Freedom of Religion or Discrimination?
Doctors Cite Religion When Refusing to Perform Medical Procedure on a Lesbian
August 3, 2007 -- When does the freedom to practice religion become discrimination?
The California Supreme Court is being asked to answer that question when it hears a legal dispute between a lesbian mom and two doctors who refused to artificially inseminate her for religious reasons.
The first-of-its-kind case is shaping up as one of the most controversial before the court in years. The court has not set a date to hear the case, but more than 40 groups already have filed briefs asking to be heard.
The court is being asked to decide how to accommodate a physician's religious views without violating California's anti-discrimination laws.
California is a major testing ground for this issue.
Longstanding dispute
What distinguishes the case of Guadalupe Benitez is that the physicians involved refused to provide a medical procedure to one patient that they readily provide to others, says Jill Morrison, legal counsel to the National Women's Law Center, an advocacy group that works to protect women's rights in the workplace, schools, sports, and health care. "Usually, providers who object to certain services object to them for everyone: 'I won't provide contraception.' In this case, they don't object to the service, just the patient. You can't pick and choose. You can't say, 'I will perform it for white people, but not for black people.' "
Kenneth Pedroza, the doctors' attorney, counters that an "all-or-nothing" rule will drive physicians out of certain specialties.
The dispute arose in 2000 after San Diego-area doctors Christine Brody and Douglas Fenton refused to artificially inseminate Benitez, a lesbian who lives with her partner, Joanne Clark, in Oceanside, north of San Diego.
By that time, Benitez had been a patient at the clinic for 11 months and been taking fertility drugs prescribed by Brody. The clinic was the only facility covered by Benitez' health insurance plan.
"I was very distraught," Benitez says. "I was very confused. I couldn't even bear to think that possibly I was never going to be able to have children."
In 2001, Benitez sued the doctors, claiming that they violated California's anti-discrimination laws that protect gays and lesbians.
Court wrangling over pretrial issues consumed three years. In 2005, an appeals court ruled that the doctors have the right to wage their religious freedom defense at the trial. Benitez appealed that issue, and the state Supreme Court last year agreed to hear the case.
After the Supreme Court rules on that narrow issue, the case will go to trial.
Some facts in the case are still in dispute. The doctors say in court papers that they refused to treat Benitez because she is unmarried, not because she is gay. Benitez, now 35, contends that the physicians originally told her the issue was her sexual orientation, then changed their reason.
Other Californians also say doctors citing an objection to single parenthood have refused them certain treatments.
Cheryl Bray, a real estate broker, says she was humiliated when her doctor refused to perform a routine physical to allow her to complete an adoption of a baby from Mexico. When the doctor discovered she was single, he says he told her his religious beliefs require that children have two parents.
"I'm upper-middle-class mainstream," Bray says. "That's why I was just so shocked."
Bray, 44, eventually found another doctor who performed the exam, and she adopted a baby girl.
In the case before the state court, Pedroza says his clients referred Benitez to another physician who would perform the procedure.
"We want to help the patient find whatever they want," he says. "But at the same time, this is a relationship. Don't force your physician to do something against their sincerely held religious belief."

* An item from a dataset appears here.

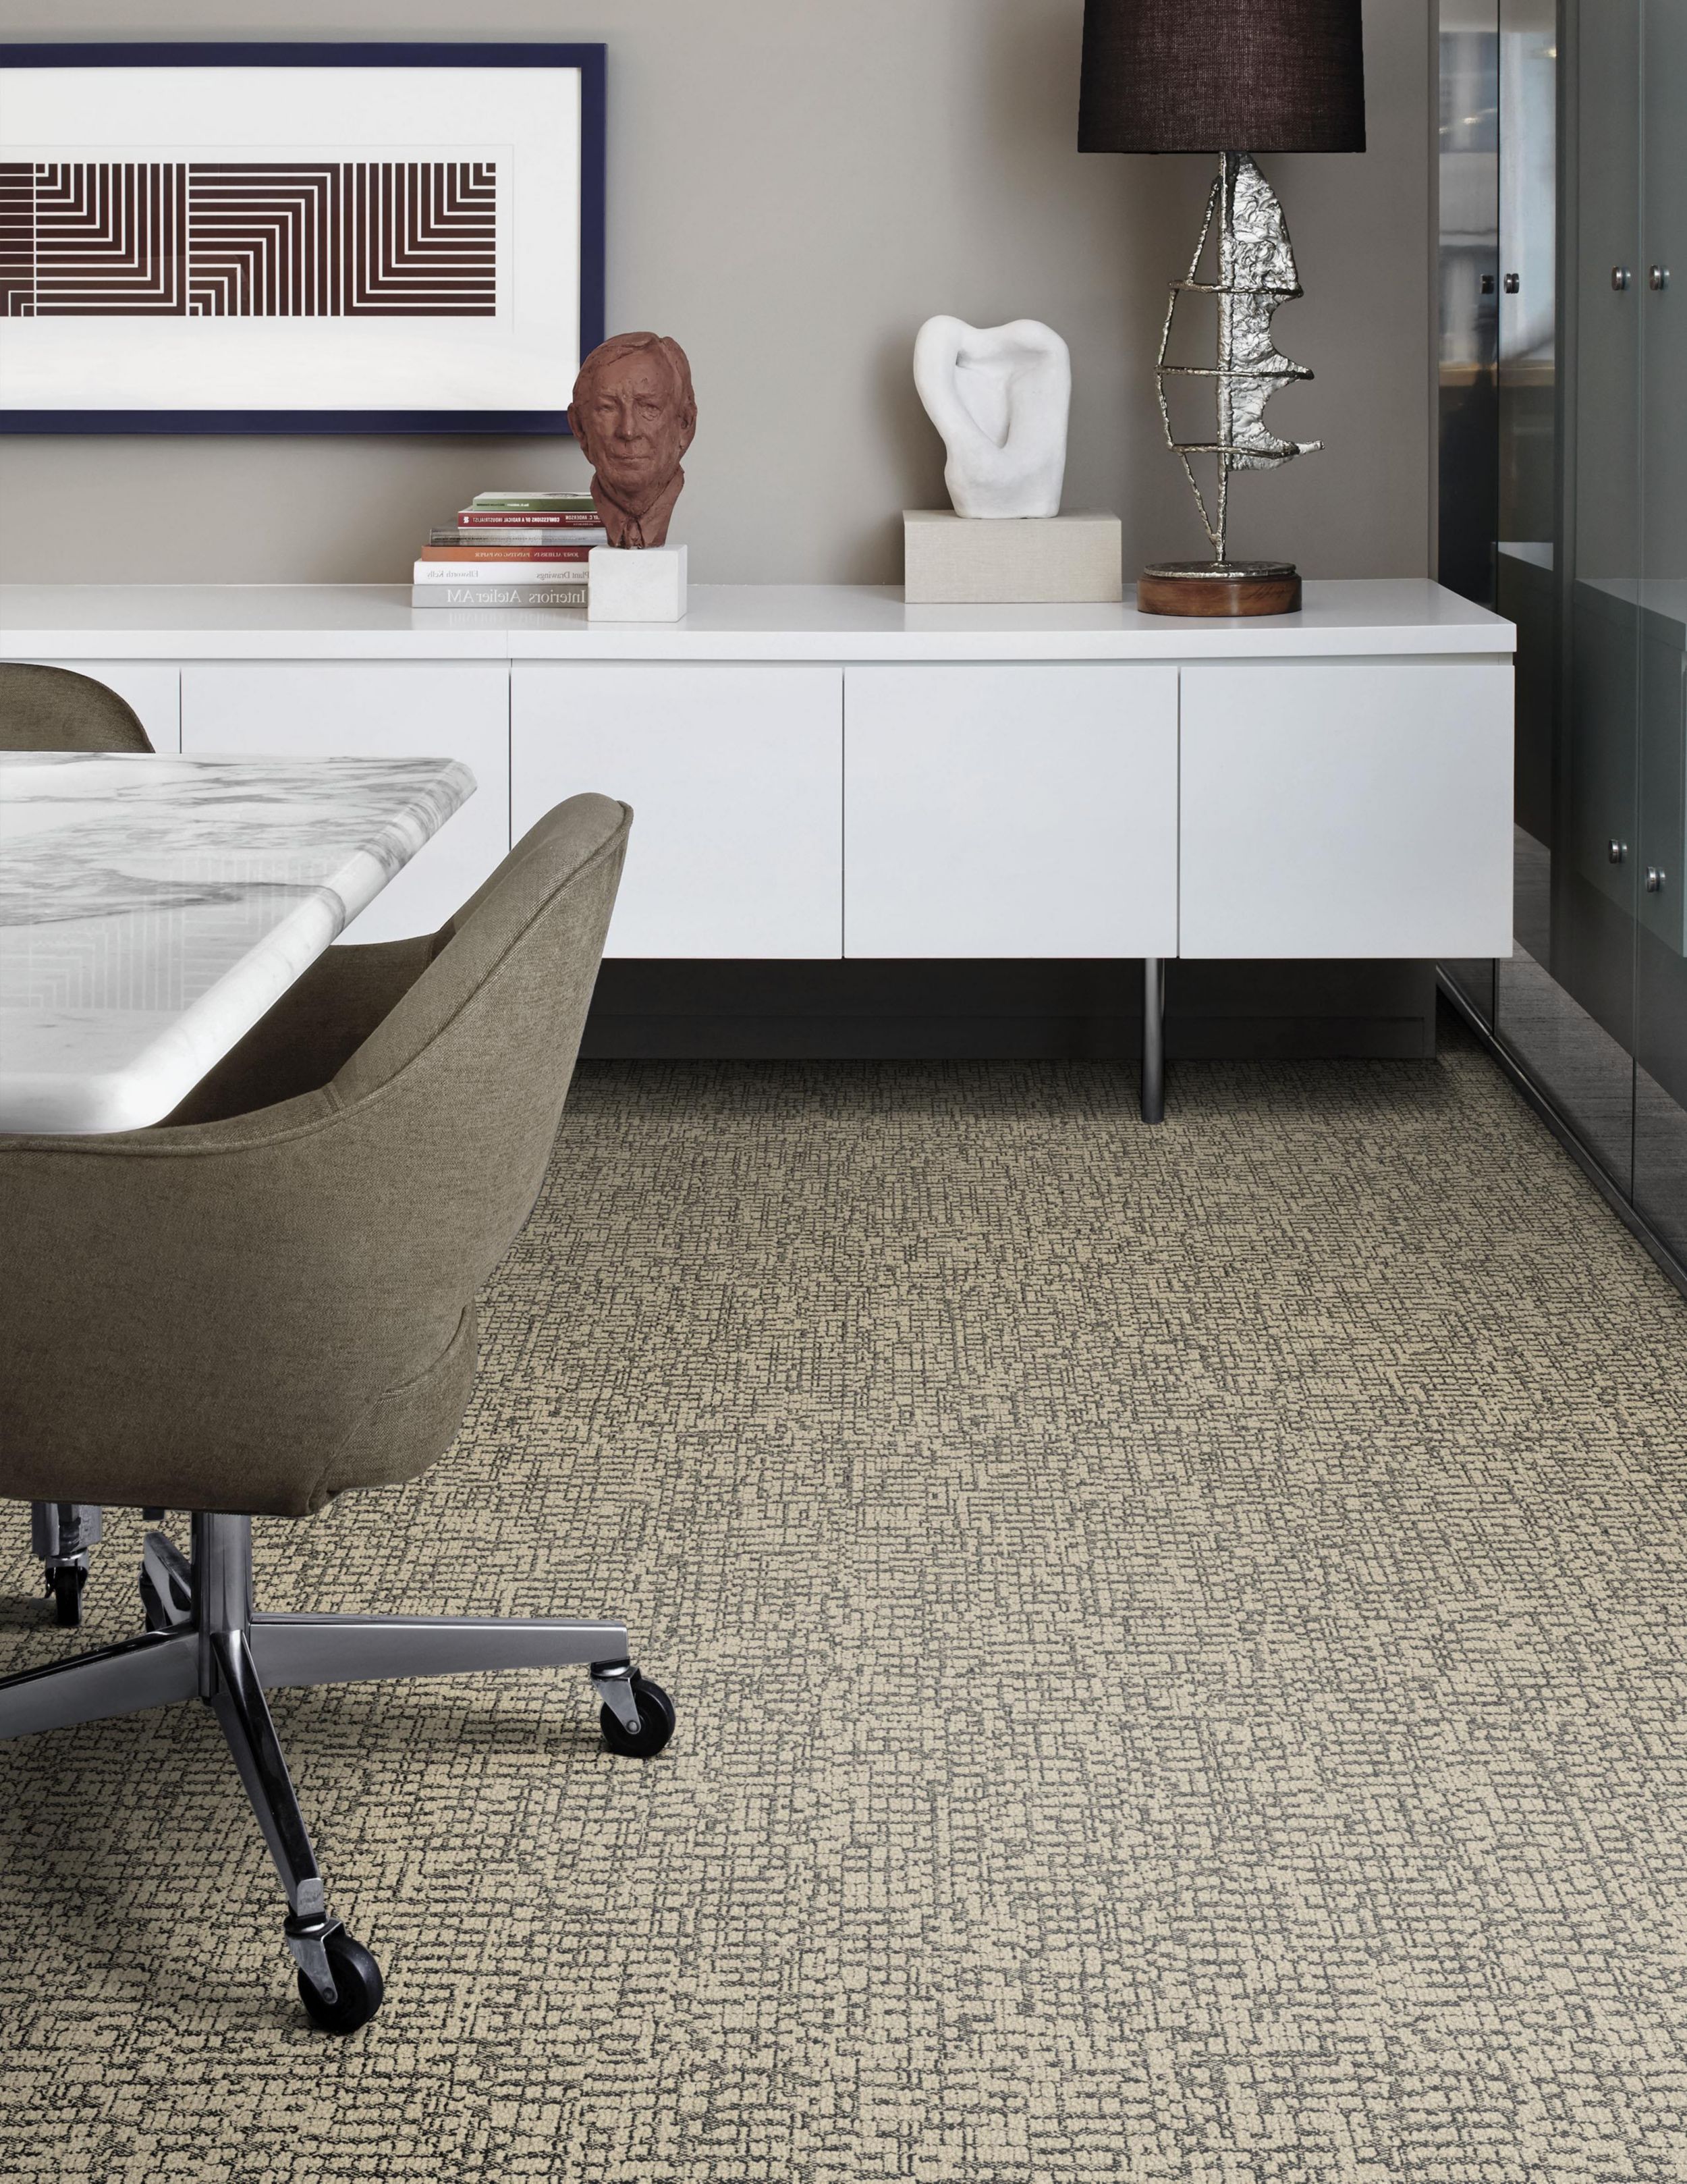 Interface DL904 carpet tile in private office imagen número 1

Groups align on both sides
The interveners include two dozen gay or civil rights groups, such as the American Civil Liberties Union, which argues that state anti-discrimination laws prohibit doctors from refusing to serve certain patients.
The doctors have drawn support from 16 conservative law centers or religious organizations, ranging from former U.S. attorney general Edwin Meese, who wrote the brief for the American Civil Rights Union, to the Foundation for Free Expression, a California group that calls homosexuality a "sin" in court papers and compares gay activists to "suicide bombers who would destroy themselves while they murder others." That brief drew a rebuke from the two doctors, who say neither supports "the tone of some of the references" or the "offensive language."
Benitez, meanwhile, received treatment at another facility and has given birth to a son, now 5, and twin daughters, now 2.
"People ask me, 'Why are you doing this? You have your kids,' " she says. "I want to make a difference. These doctors are not God. They cannot manipulate who can have children and who cannot."